# ss southern opal



## donegalman (Jun 10, 2013)

Hello,

My name is donegalman.My late father travelled on the southern opal to South Georgia in August 1959 and was there until 1961.Does anyone have any information on the ship or would someone have travelled on the ship at that time.


----------



## billyboy (Jul 6, 2005)

Welcome aboard from the Philippines. Enjoy all this great site has to offer


----------



## Pompeyfan (Aug 9, 2005)

On behalf of the 'SN Moderating Team', welcome aboard Donegalman.

I have moved your thread to Ship Research where you are more likely to receive replies regarding the information you are seeking. 

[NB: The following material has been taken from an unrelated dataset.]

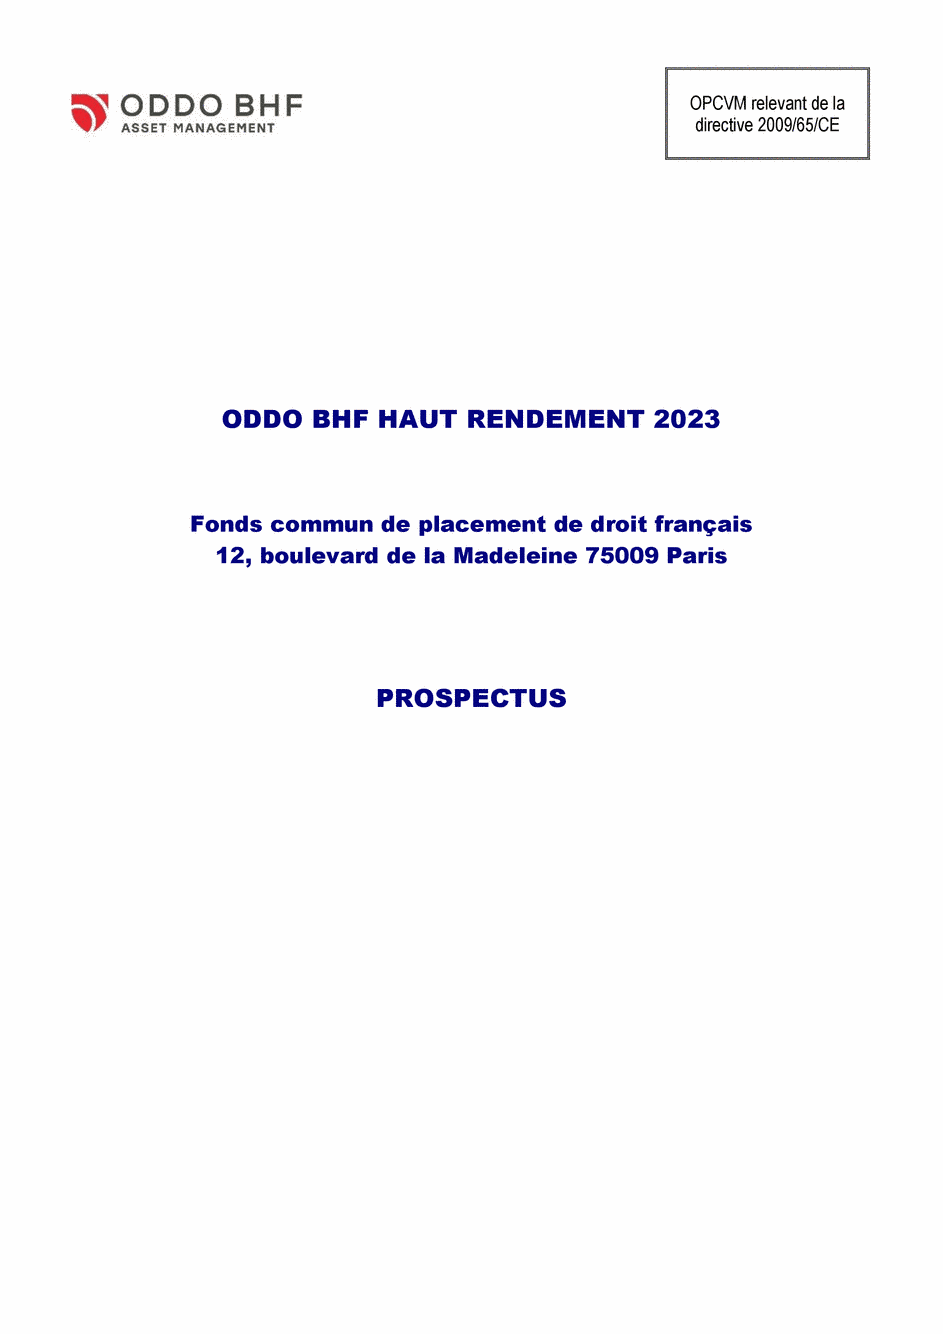 Prospectus ODDO BHF HAUT RENDEMENT 2023 CI-EUR - 14/02/2020 - Français

Also, as per site policy, I have removed your e-mail address for your security. Members can contact you via the sites Private Message system where you can disclose your e-mail address if you so wish.


----------



## A.D.FROST (Sep 1, 2008)

Southern Opal bt.1941 as EMPIRE OPAL b/u 19.7.64 Hamburg.


----------



## jg grant (Nov 22, 2007)

Hello donegalman from NZ. I was doon the ice the season before. The opal belonged to Christian Salvesens whaling fleet registered in Leith Scotland. You can get in touch with the ex-whalers club in Edinburgh through google and there maybe someone in that organisation who can help your search. I think George and Mabel ***mings are in administration there. Hello again and good luck. Regards Ronnie.


----------



## shipmate17 (Jun 1, 2005)

Hi,
id 1168910 Built 1941 by Laing. Deptford. grt 9811 as EMPIRE OPAL. 1945 SOUTHERN OPAL. scrapped Hamburg. 19/7/64.


----------